Data segment:
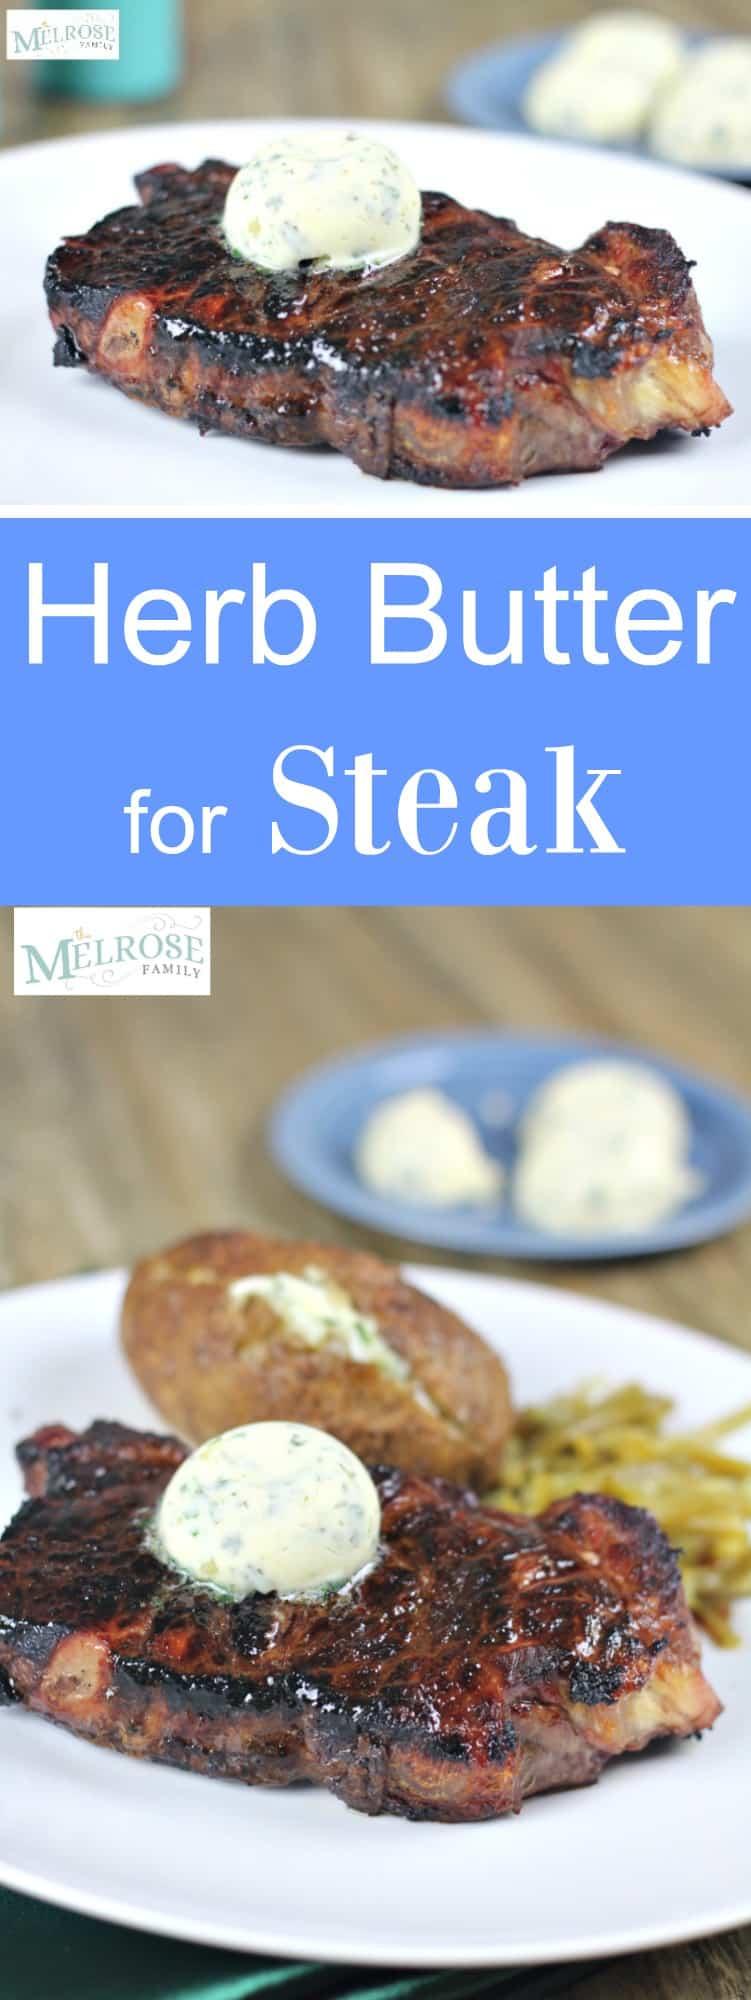 Garlic Herb Butter for Steak
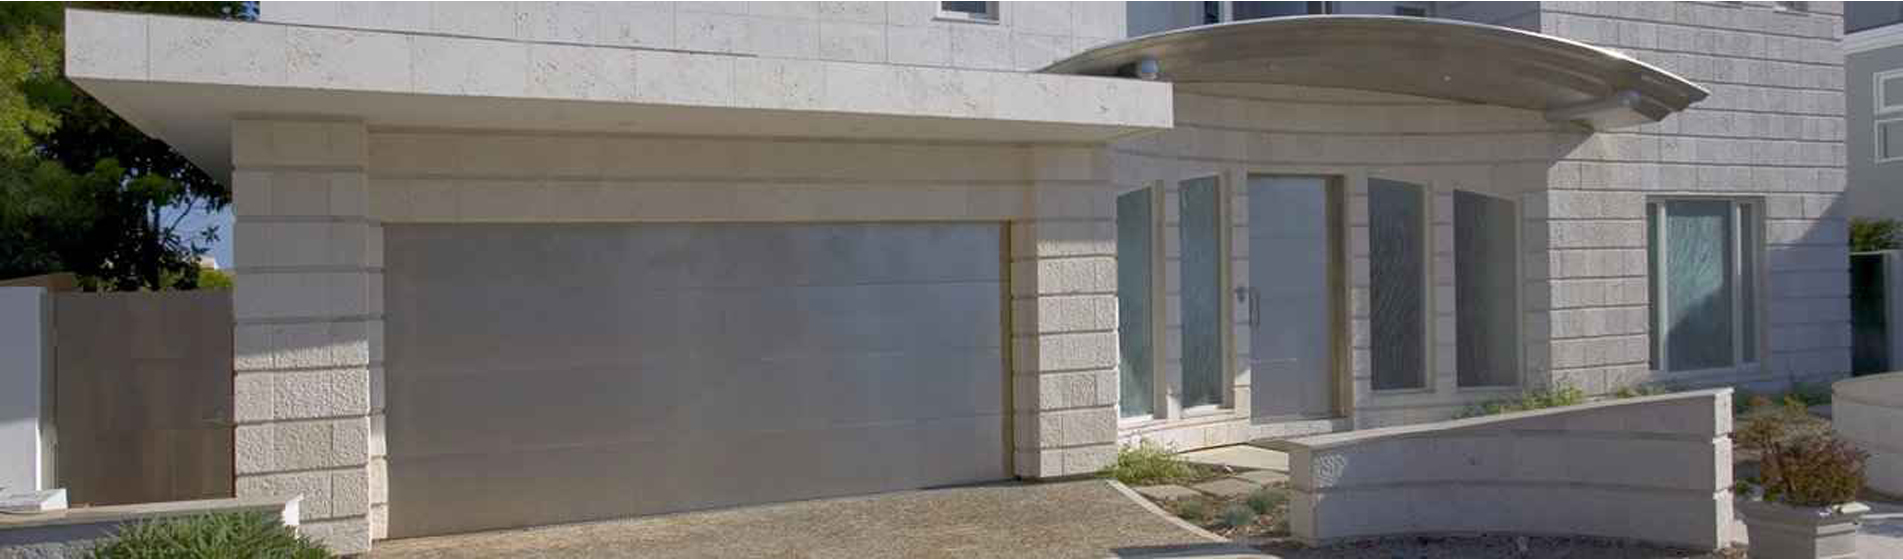 prix porte de garage avec portillon 84300
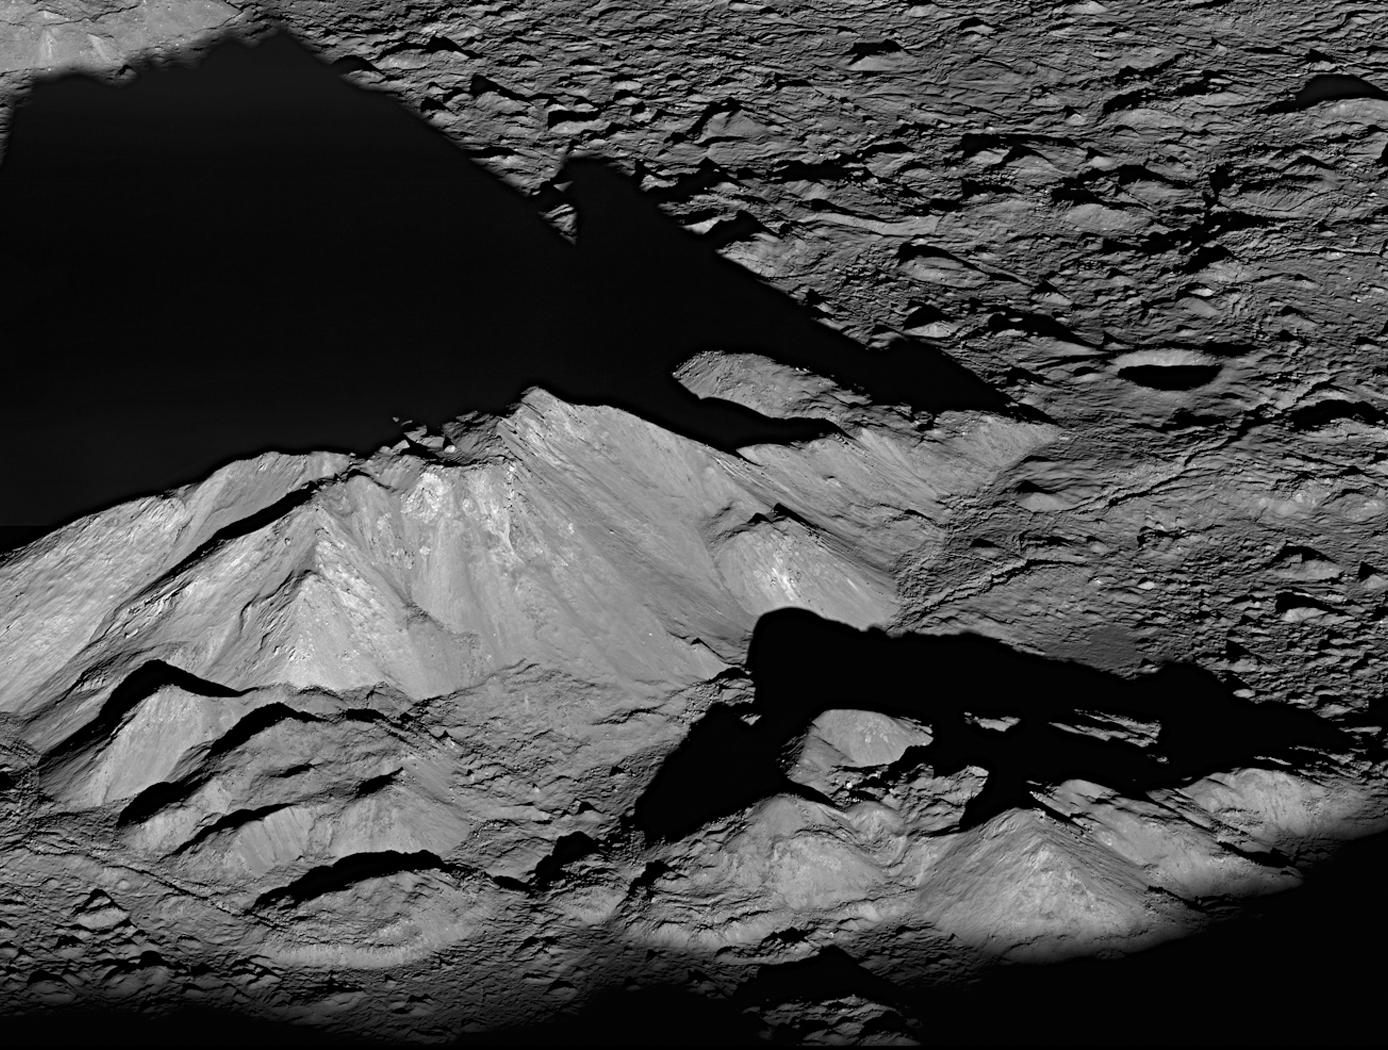 Tycho Crater's Peak; Credit: NASA Goddard/Arizona State University
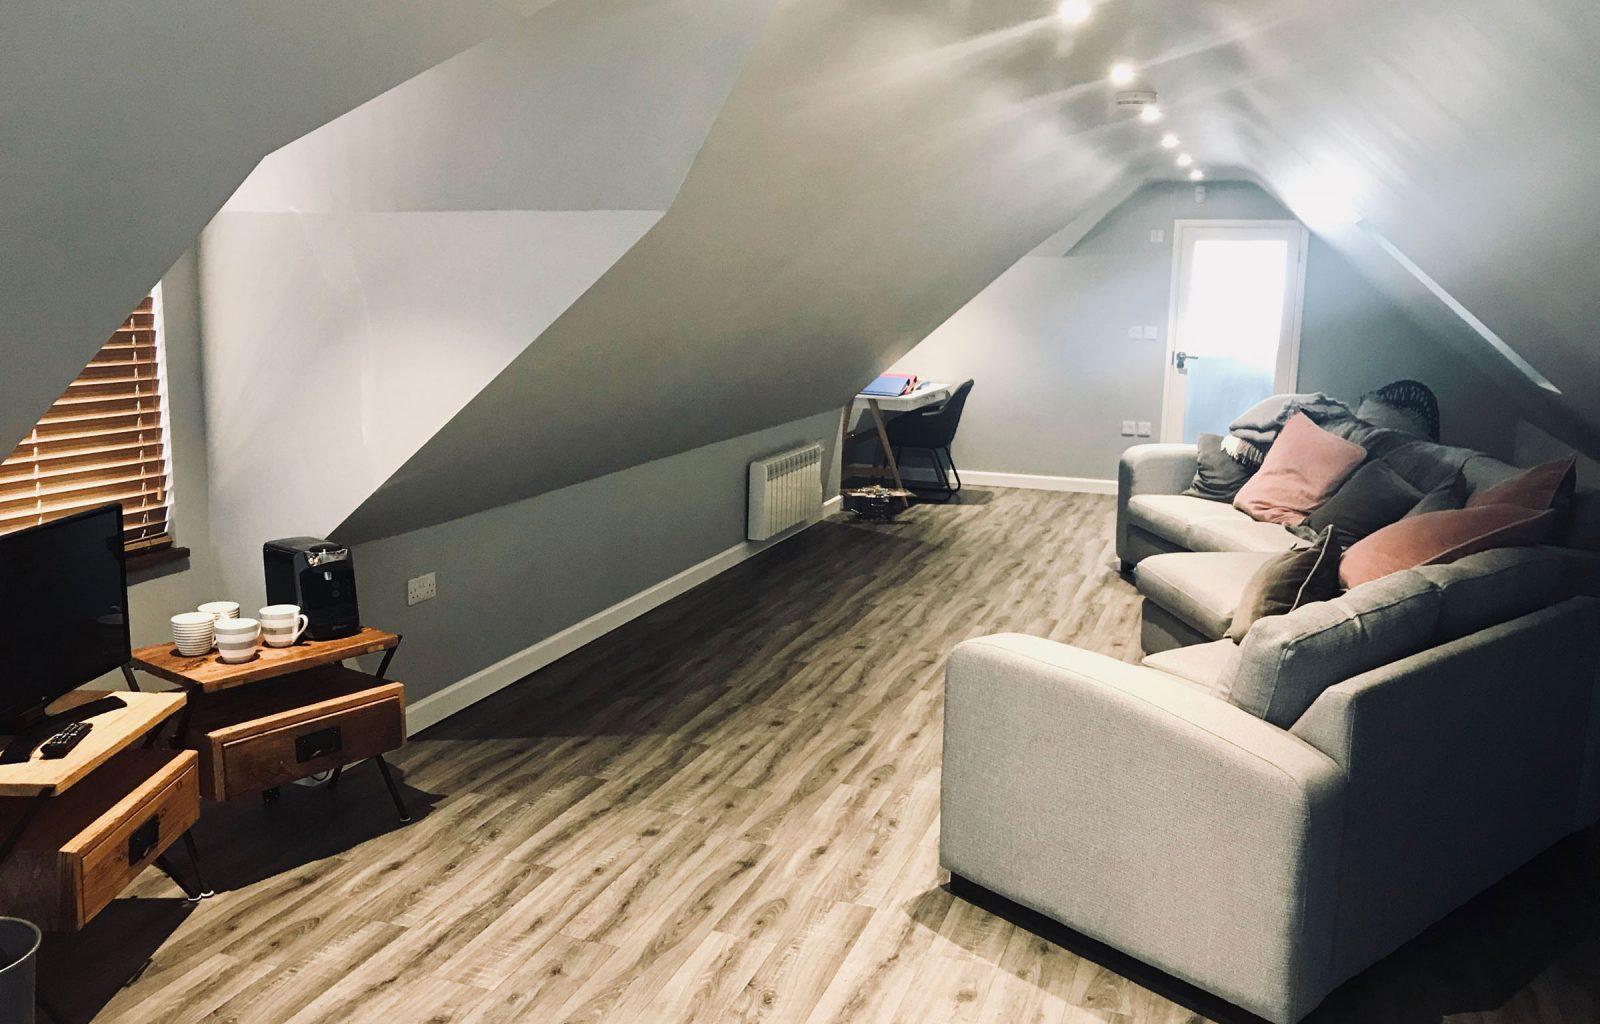 Cartlodge room

Your goal: Retype all the data exactly, please, without pictures.

Output for this task:
 Garlic Herb Butter for Steak
 prix porte de garage avec portillon 84300
 Tycho Crater's Peak; Credit: NASA Goddard/Arizona State University
 Cartlodge room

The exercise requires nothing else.